As I mentioned earlier, children were not in my future plans. I still think about it from
time to time and wonder what my life would be like now if I had stayed on my path to success.
Where would I be. Would I be a CEO or would I be living in a foreign country running a
business. The possibilities were endless for me. I was so naive to think my behavior would not
lead me to become a statistic at sixteen years of age. Instead of playing the victim, I decided to
persevere and prove to the people who judged me and my family that I could become anything I
wanted to be. College deepens cognition, in general, the more years of higher education a person
has, the deeper and more post formal that persons reasoning will become (Pascarella
&Terenzini, 1991). I enrolled in a community college while my son was a toddler. I continued
going back to school throughout my life, always wanting to advance at work and move up the
career latter. Motivation is crucial for every intellectual accomplishment (Berger 2016, Pg. 407).
I had so many mentors in my career path and still think of their wise words from time to time.
To me children should never hinder me from doing what I want, and a job should never hinder
me from having children. It just cant be like that (Carlsson et al.,2015, p.340). By the age of
thirty, I had three children (seven years apart in age) and a career in healthcare. My long life
goal has been to become a registered nurse. Caring for others has been in my nature and
probably was enhanced by having a child at a young age.

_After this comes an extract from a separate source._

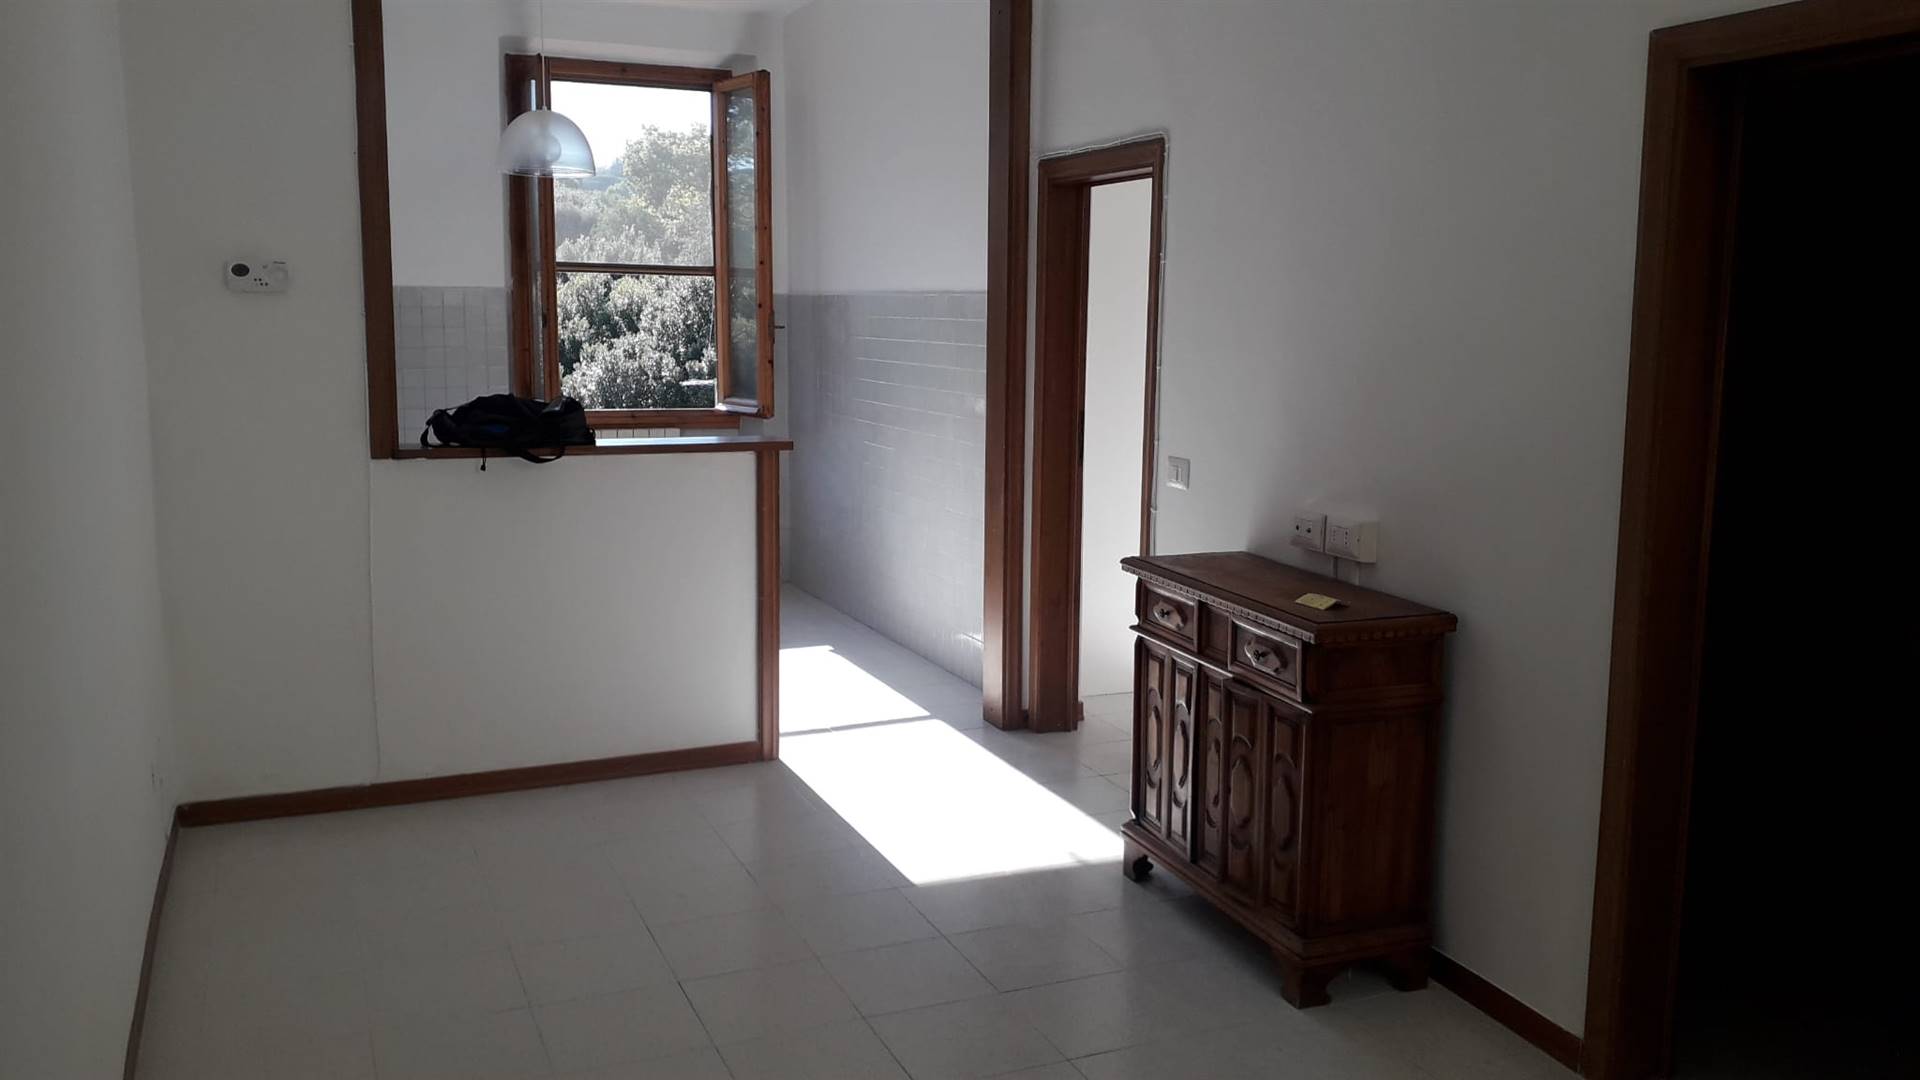 PORTA ROMANA, FIRENZE, Apartment for rent of 70 Sq. mt., Good condition, Heating Individual heating system, Energetic class: G, Epi: 230 kwh/m2 year,

If I wasnt married at this time I would be okay with the loner life. I would probably be
surrounded with tons of girlfriends and I would be able to travel at my leisure. If I knew I would
not be able to have children then I would consider adoption. Again, this time I would think about
it and plan accordingly and would have to readjust my life to allow another to be in my life. I
feel that marriage is not for everyone. If I had the choice 24 years ago, I would have definitely
waited until my thirties or even forties. I would have considered marriage, but probably no
children. I love children very much, but I would have probably adopted. I would have been
selfish about keeping my body in shape and not having to go through the trauma of childbirth.
There is always a child in need whether it be here in the US or a foreign country. We see
celebrities resorting to adoption if they cannot conceive. I would have been just fine adopting a
child. However, I would not change my life as it is now. I have a wonderful spouse and three
wonderful children that I am extremely proud of. I am looking forward to grandchildren in the
future and would definitely support my children if they decided to not marry or have children.

Reference List

Pascarella &Terenzini, 1991


Carlsson et al.,2015, p.340
Berger, K. S. (2016). Invitation to the life span (3rd ed.) New York, NY: Worth Publishers.